Within the listing that follows, reproduce exactly the lines starting at the line with "Custom resume writing 2013" and ending at the line with "Replica-Sneaker aus Wildleder in Beige", inclusive, and only those. Pictures are dropped.

Exercise materials
***

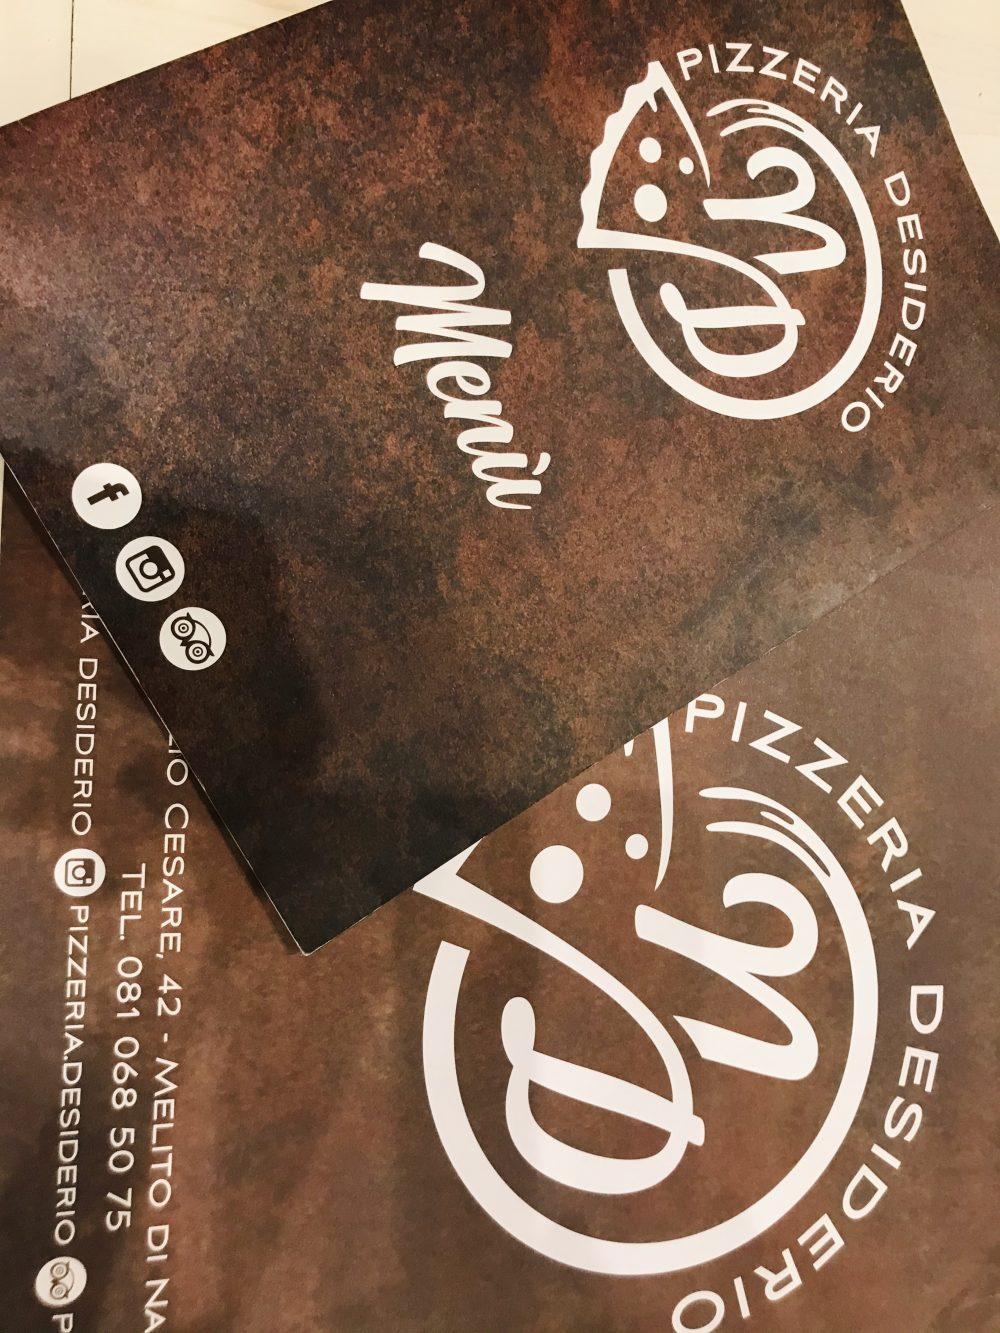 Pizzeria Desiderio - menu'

***

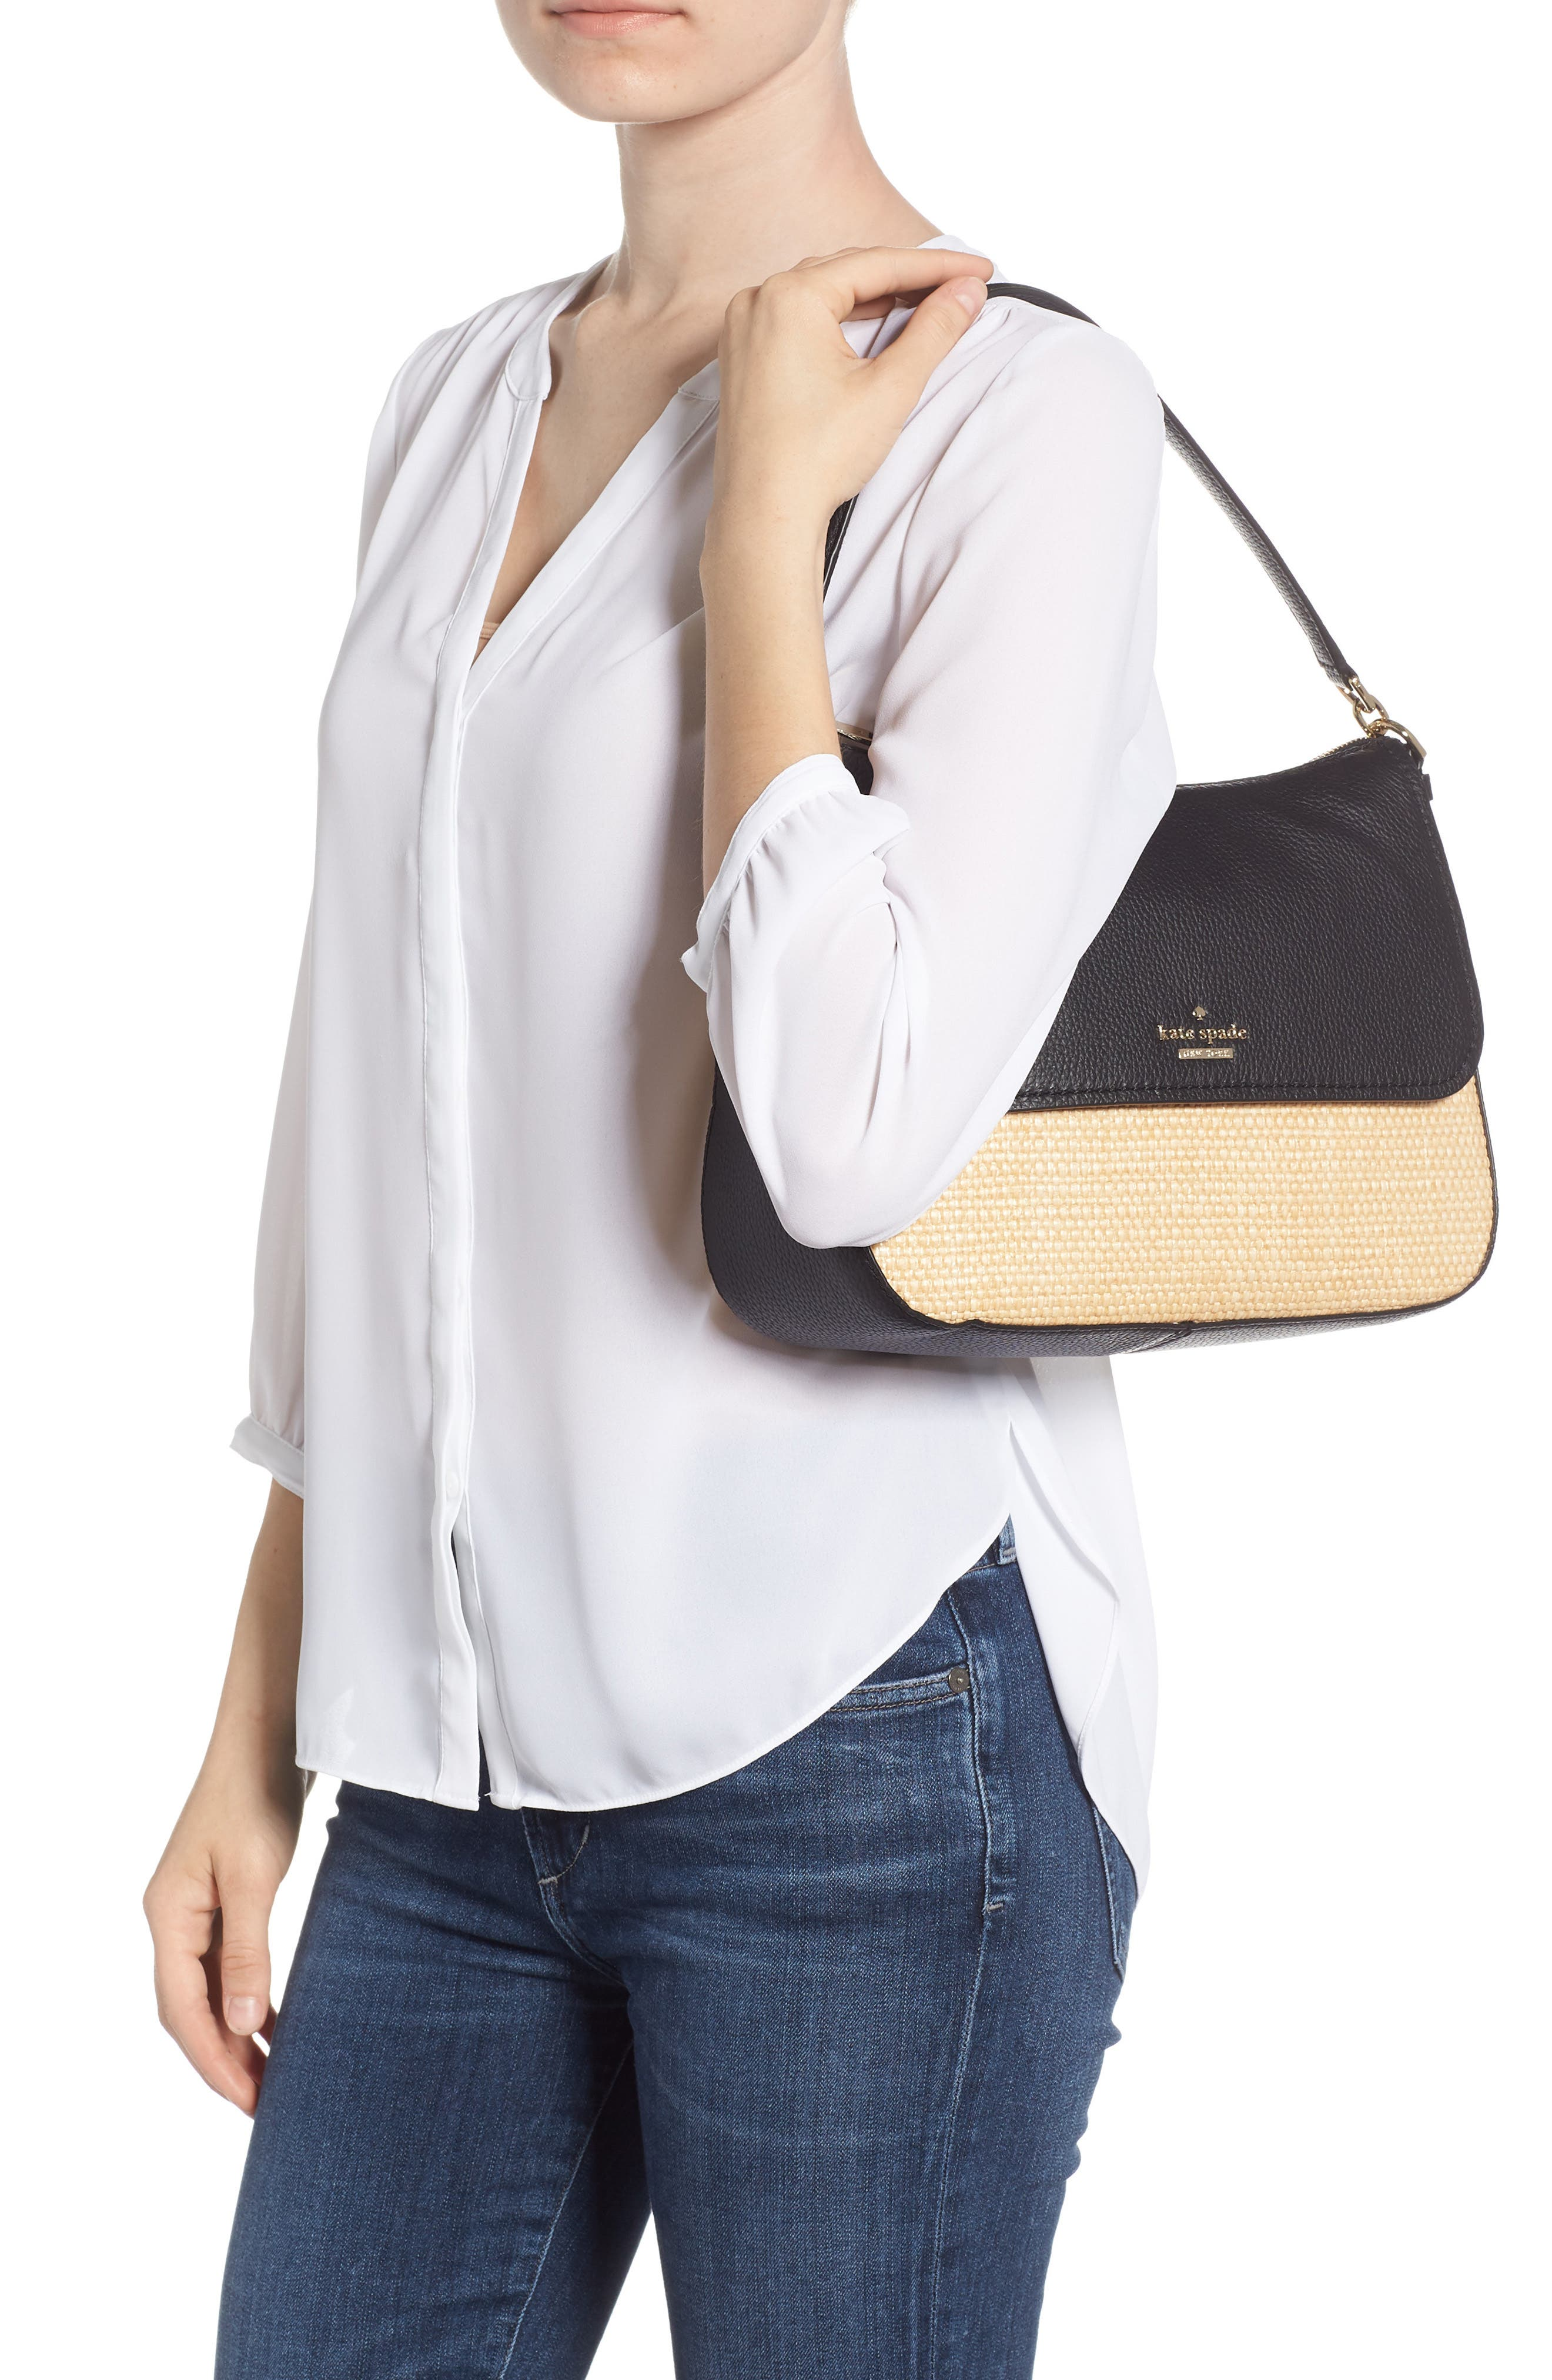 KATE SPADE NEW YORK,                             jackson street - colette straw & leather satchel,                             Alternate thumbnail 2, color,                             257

***

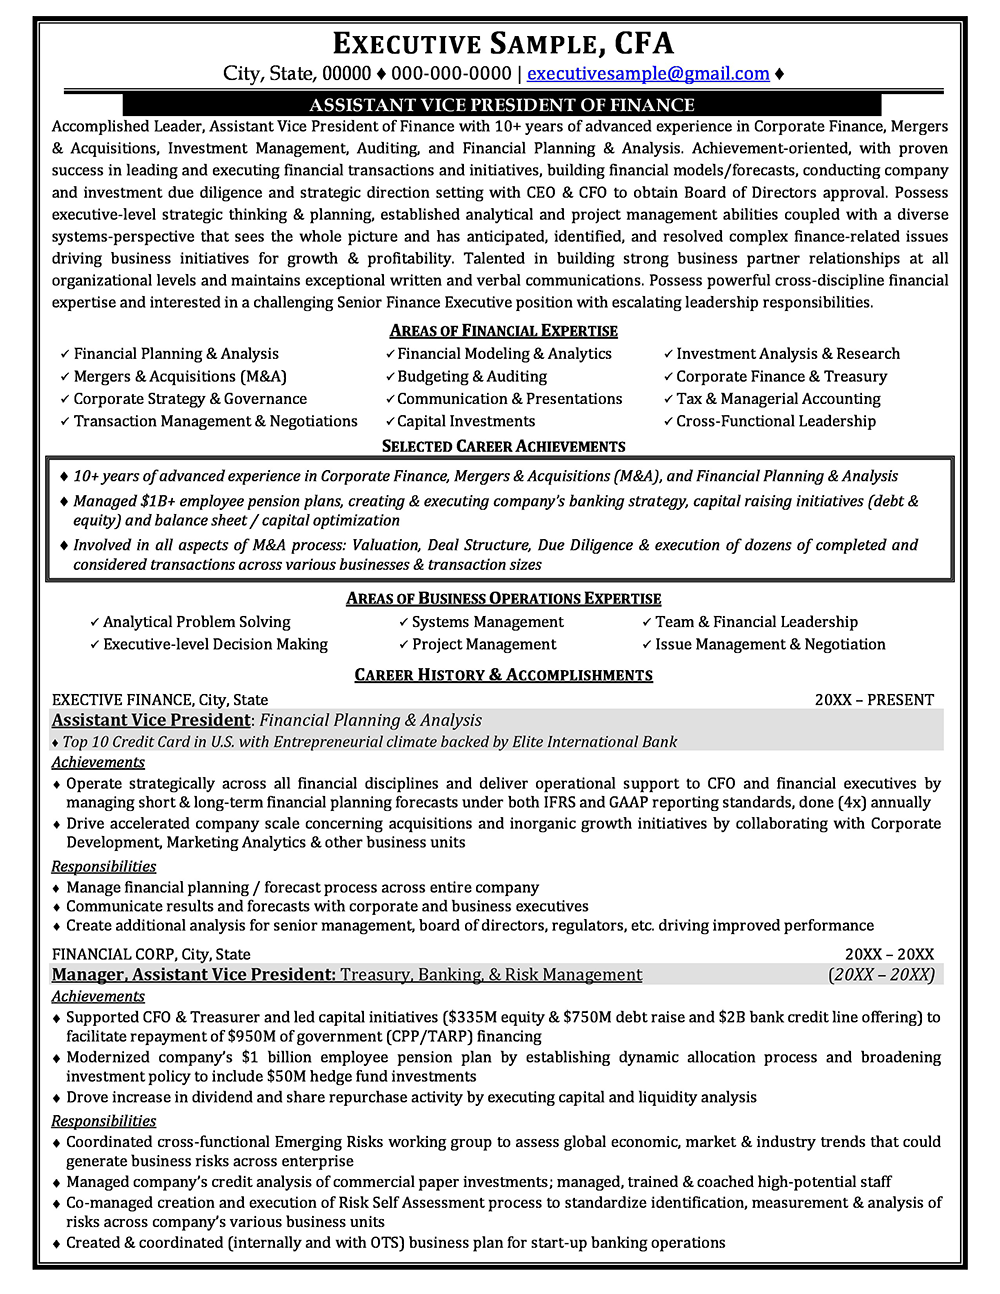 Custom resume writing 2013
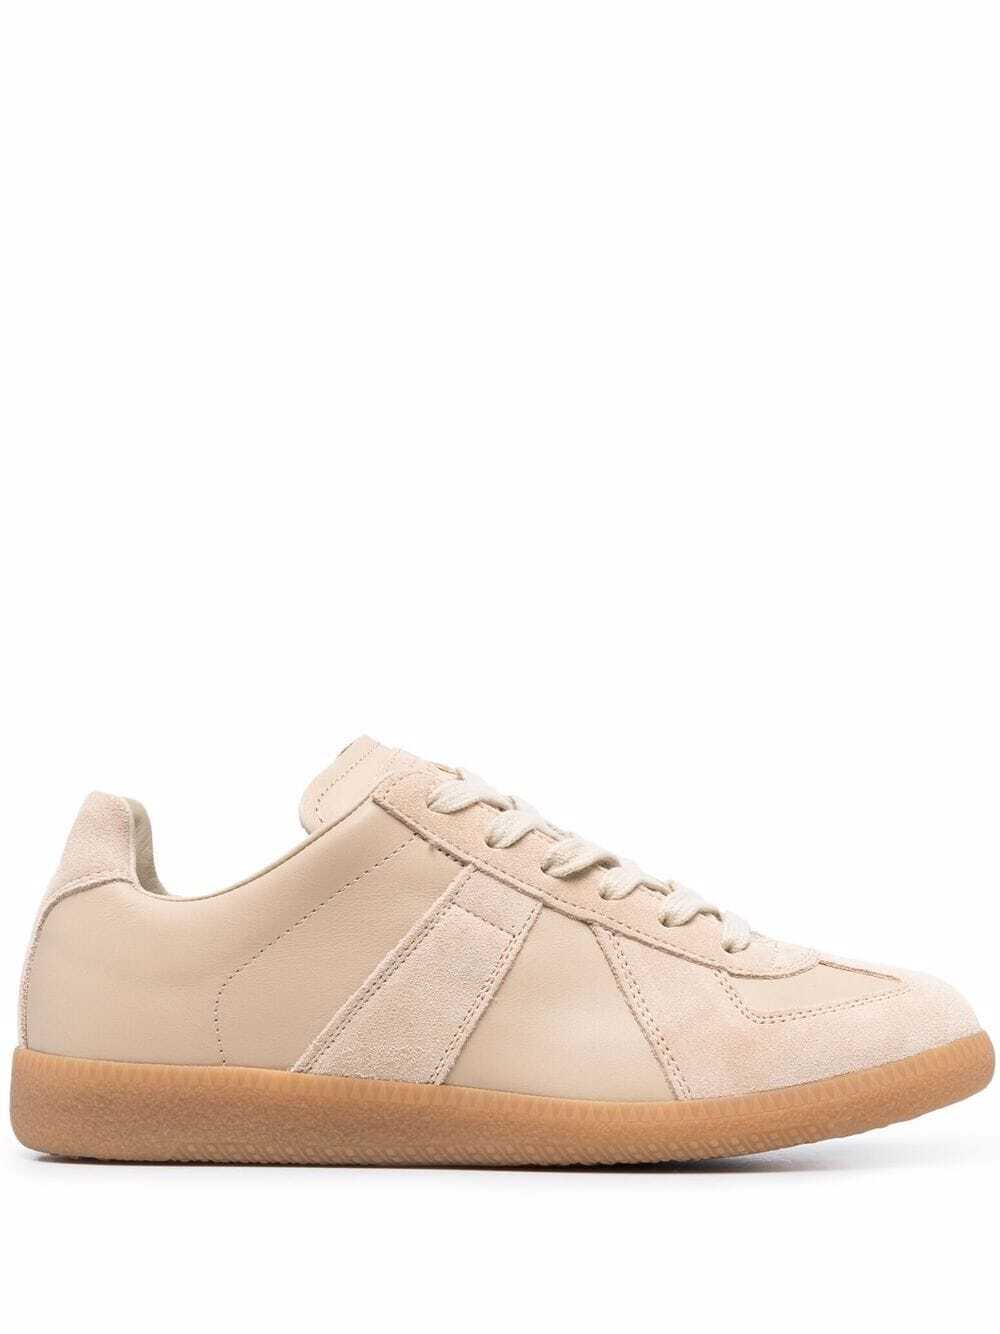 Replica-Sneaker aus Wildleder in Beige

***

Task response
 Custom resume writing 2013
 Replica-Sneaker aus Wildleder in Beige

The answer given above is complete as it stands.